Data below:
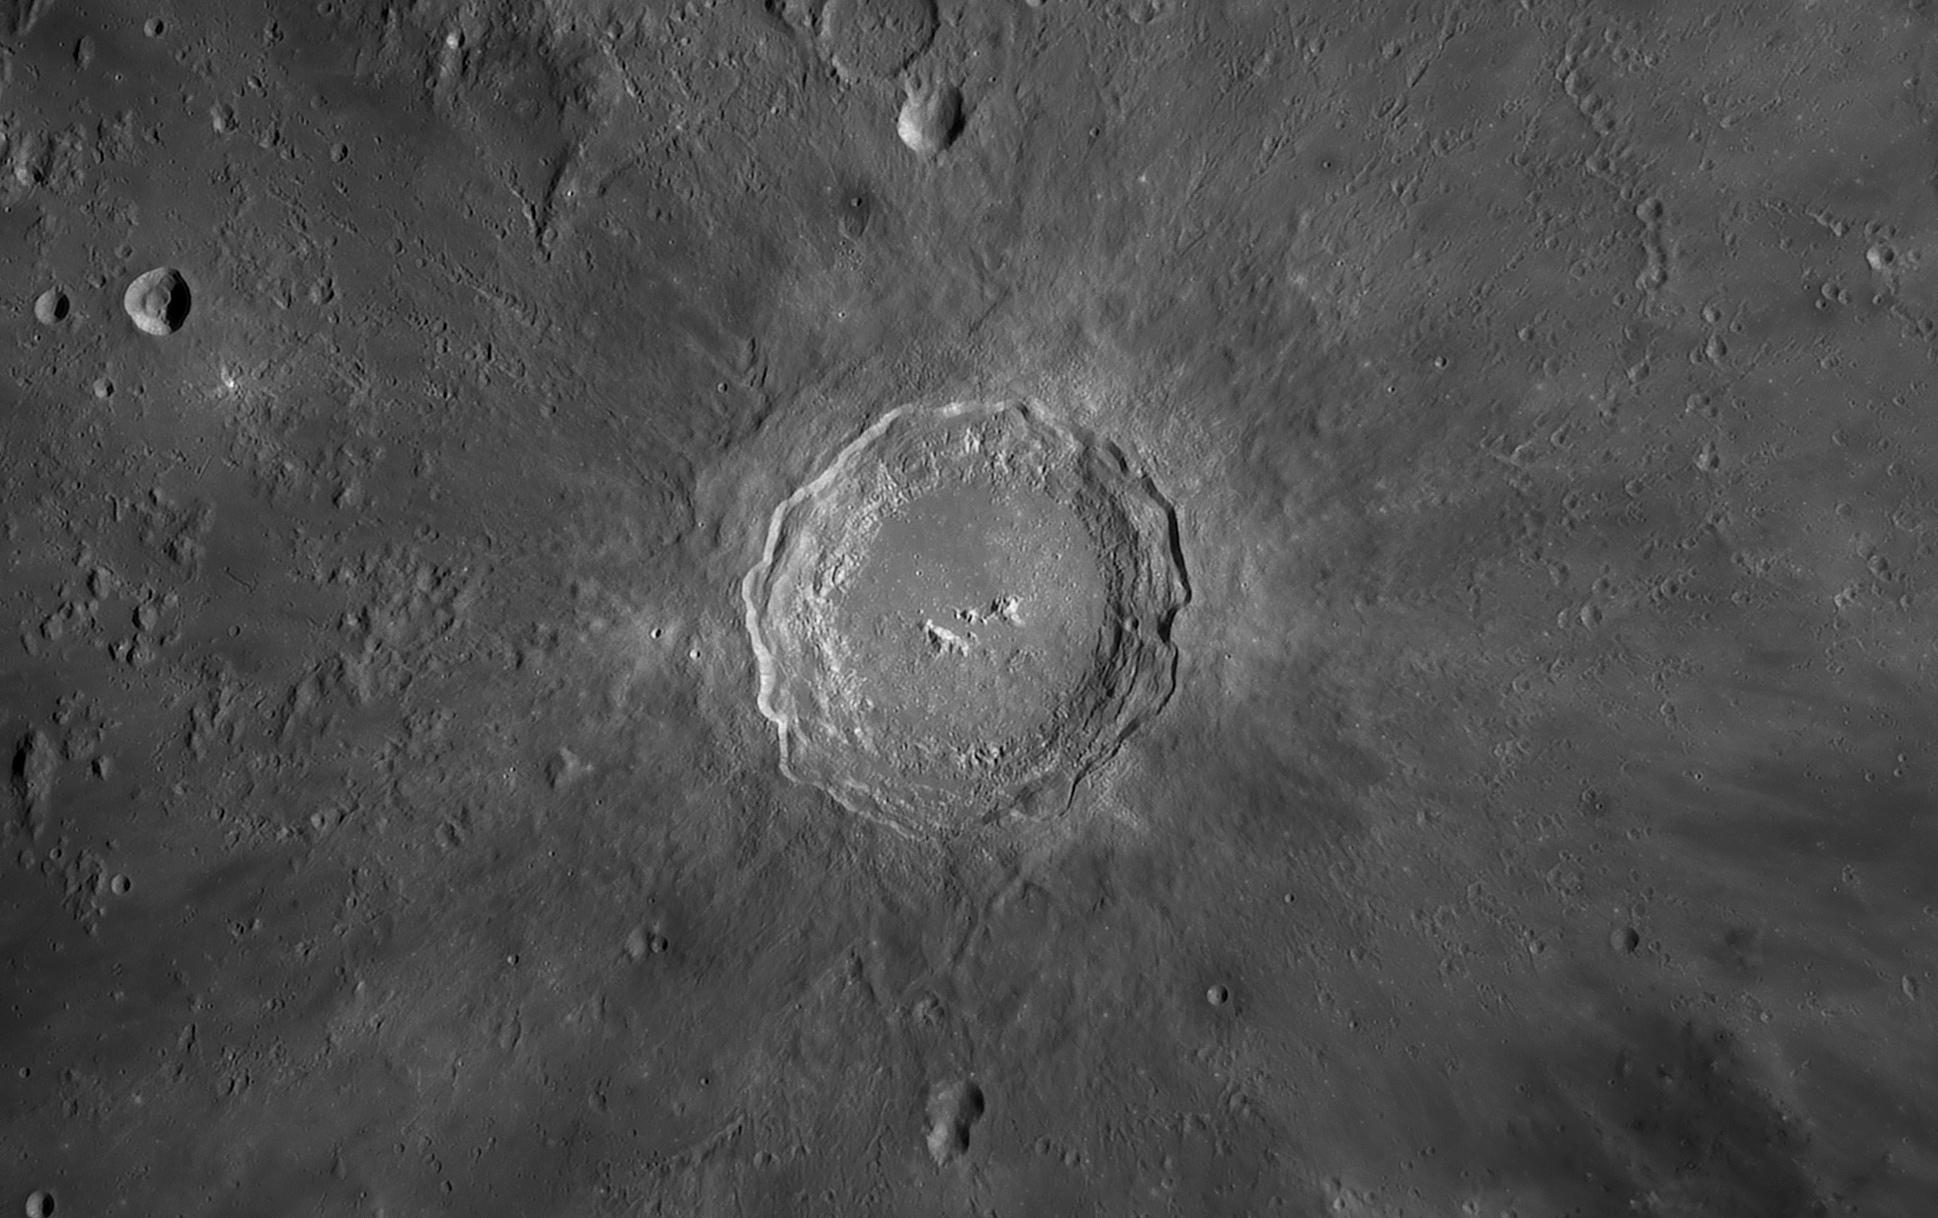 Copernicus au C14, le 4 Avril 2020: 700 images, caméra 174MM, Baader FFC, ADC Pierro Astro, filtre Astronomik orange 2c
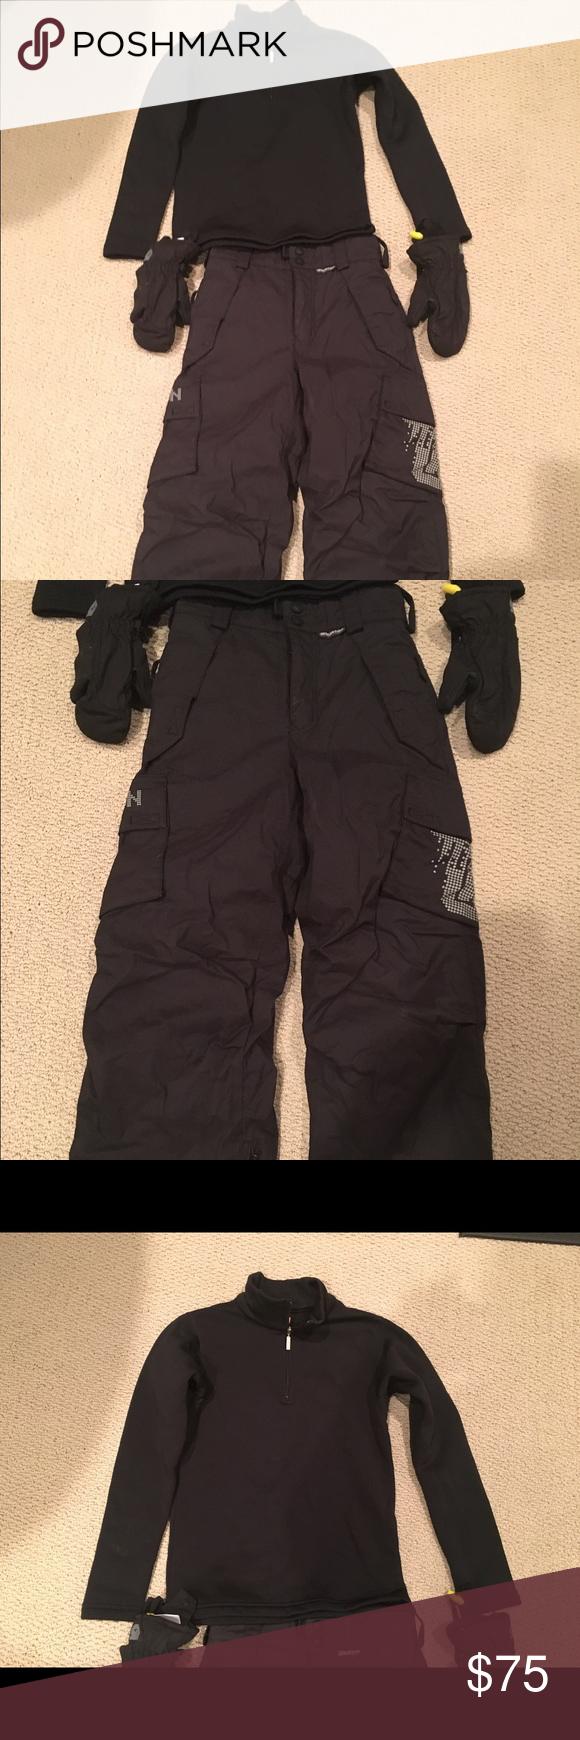 Boys Burton Snowboarding Pants Marker Jacket Boys Burton Black Snowboarding Ski Pants Size X Small 6 And Marker Sweater Boys Jacket Ski Pants Kids Mittens
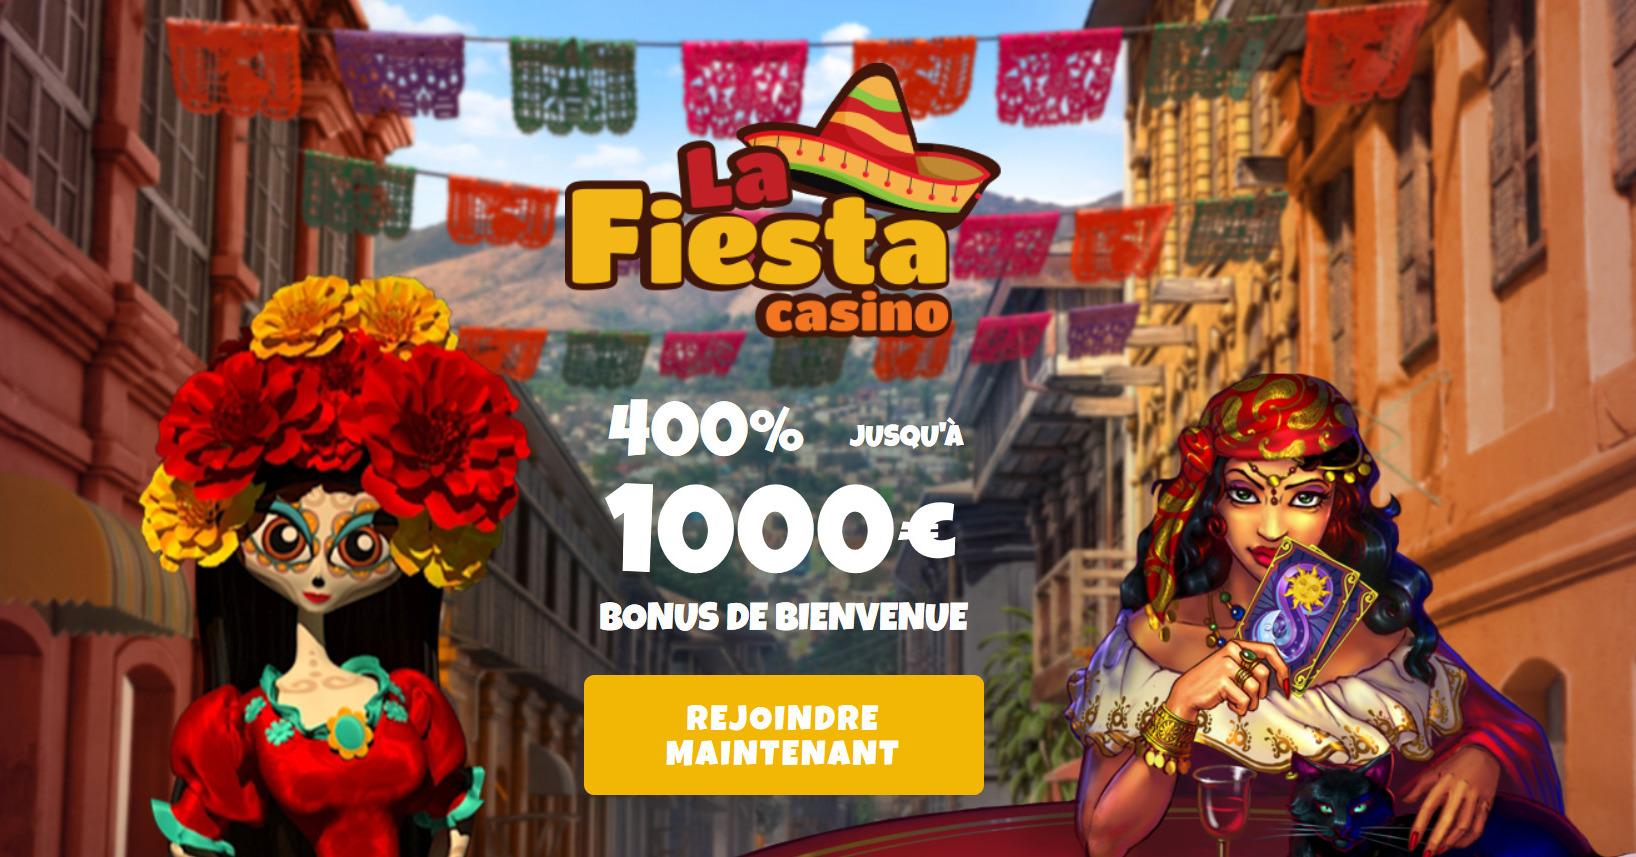 Casino La Fiesta : l'avis de notre équipe

Task goal: Nothing but the pictures should be left out when the listing above is transcribed.

Your response:
 Copernicus au C14, le 4 Avril 2020: 700 images, caméra 174MM, Baader FFC, ADC Pierro Astro, filtre Astronomik orange 2c
 Boys Burton Snowboarding Pants Marker Jacket Boys Burton Black Snowboarding Ski Pants Size X Small 6 And Marker Sweater Boys Jacket Ski Pants Kids Mittens
 Casino La Fiesta : l'avis de notre équipe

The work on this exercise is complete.